Often ill conceived, but not necessraily stupid and certainly not always evil.
As others have said, being homosexual in today’s world is a tough row to hoe for all sorts of reasons. As such there are legitimate reasons why someone could make a rational and moral decision to convert from homosexuality, or to urge someone else to do so. It doesn’t matter whether the reason why being a homosexual is tough is due to things that shouldn’t happen. By all means try to change those things, but we can’t just say they shouldn’t happen so everyone ought to act as if they don’t happen.
To give the obvious analogy, would you say that a black man in 1800 was evil or stupid if he partook of a treatment intended to make him white? Or that anyone who urged him to do so was stupid or evil? I certainly agree that the system that made it desirable was evil and stupid, but people who acknowledge that he would be better off white are not evil or stupid.
I would agree that it is evil and stupid to force or coerce someone into conversion, but the conversion itself coudl very easily be intelligent and moral.
That’s more or less what I was trying to say. It’s not stupid or evil to try to change yourself if that’s what you really want to do, but it is if you try to impose such a change on someone else.
In practical terms, I don’t believe there’s much in the way of altruistic effort to ‘convert’ homosexuals abroad in the world right now - it might be dressed up that way to try to look respectable, but I’m pretty sure that not far below the surface, it’s often just a seething mass of hatred, intolerance and fear.
Interesting post, Scylla.
Regards,
Shodan
While I do not personally believe that homosexuality is a choice, I do think that the science on sexual orientation as genetic/prenatal is nowhere near definitive as yet.
That being said, I do think that the homosexual/social liberal community (“HSLC”) glommed on to the “homosexuality is not a choice” paradigm much too readily, particularly as the paradigm was adopted well before there was any significant scientific evidence supporting it. In doing so, the HSLC has effectively surrendered the moral high ground to the social conservatives. The section of your post I quote demonstrates the point: implicit in it is the assumption that, if homosexuals had a choice, they would all be straight, as the better (or at least easier) sexual orientation.

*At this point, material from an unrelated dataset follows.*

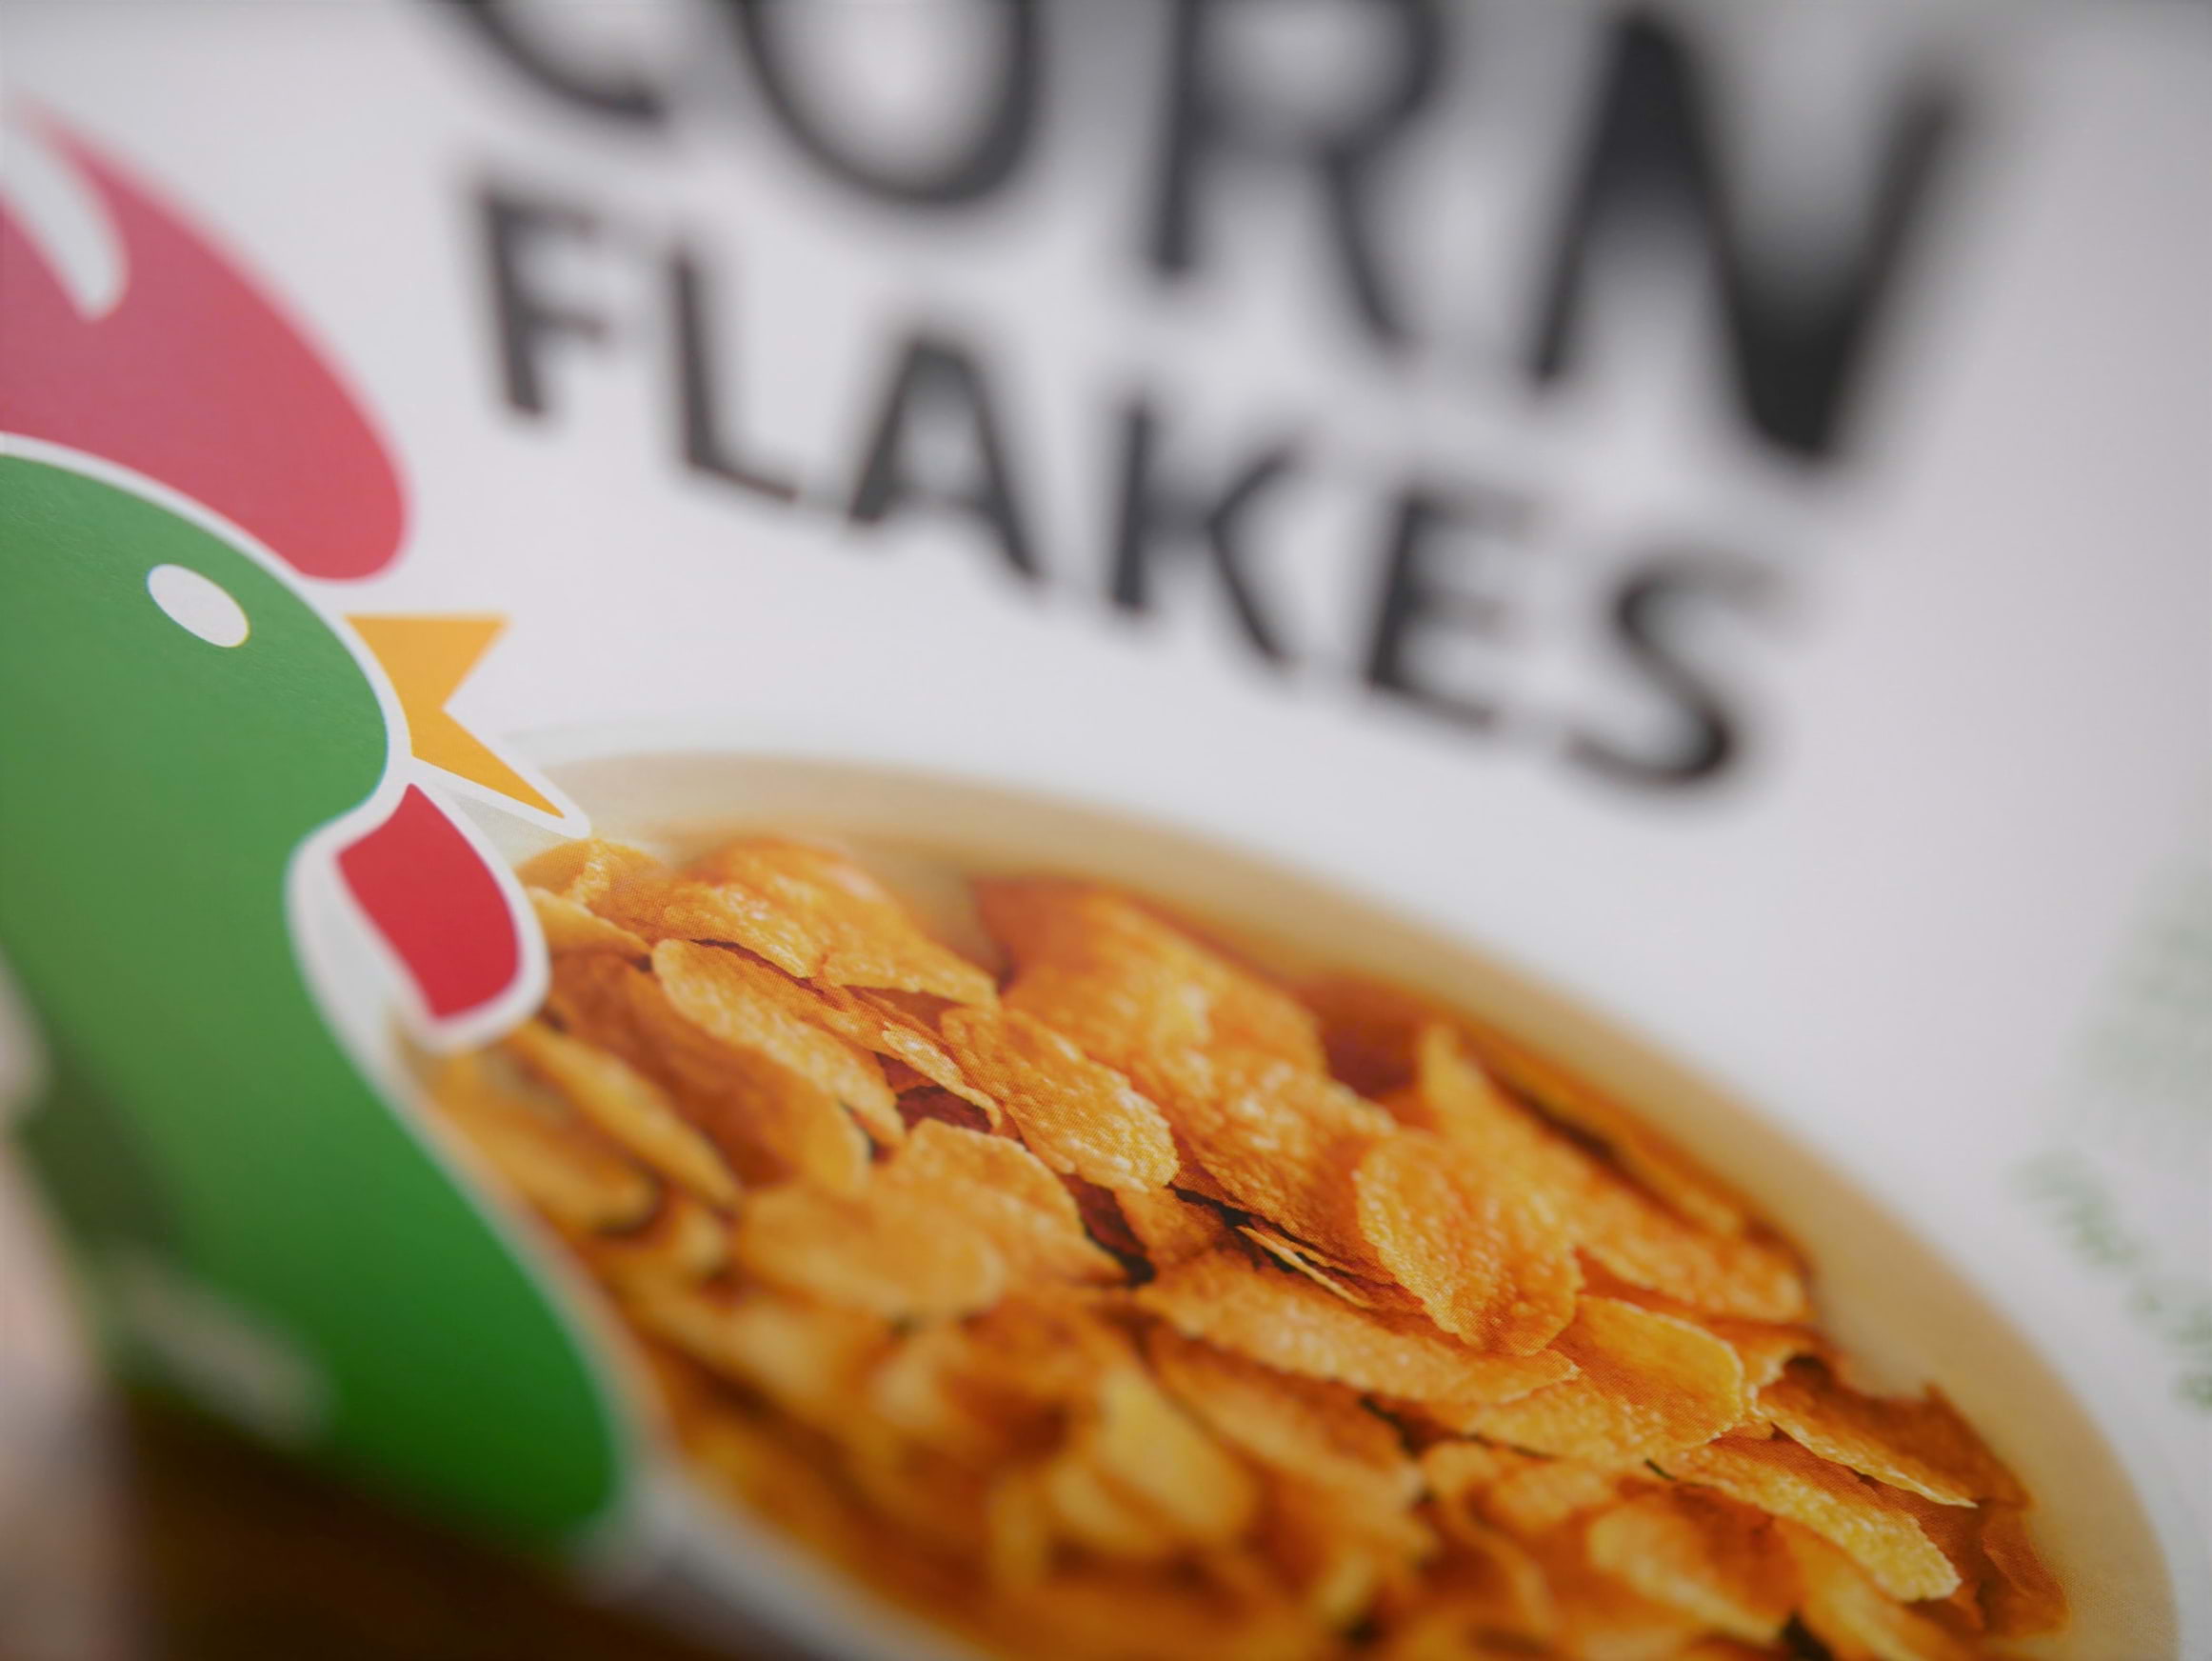 Craft your perfect cereal bowl at this Kellogg's pop-up

This is a self-hating paradigm (a little too strong, but I’m blanking on the proper language at this pre-coffee time of day). Further, it is a dangerous paradigm: it is disturbingly close to the disease paradigm, and it, potentially, can have real negative effects, including the not-too-far-off possibility of genetic testing and selective abortion of fetuses with the “gay gene”, if it is ever identified.
IMO, it is much better to view homosexuality, if not as a valid choice (which, I believe, the science will disprove), at least as a valid option. A better paradigm is to view the causes of homosexuality as irrelevant, that it doesn’t matter if a person is homosexual due to personal choice or genetic predisposition.
Sua
“Out there” on the SDMB, maybe not. “Out there” in the world at large, absolutely. For example, how about a man from one of those Sudanese tribes that fattens their wives up (with camel milk, IIRC) to levels a European or American would consider borderline morbidly obese?
To say that your sexuality can’t be affected by your environment and experiences doesn’t make much sense. What is so sacred about sexuality that makes it different from every other aspect of your personality?
That’s the thing - not the notion that sexualilty/sexual response is very considerably ingrained/innate, but the assertion “Nothing about sexual response is a choice.”
I don’t think there’s any other human behaviour (ones where differences exist from one person to the next, so not ‘breathing’) where it could be said nothing about this is a choice. So why is sexual response different? It isn’t.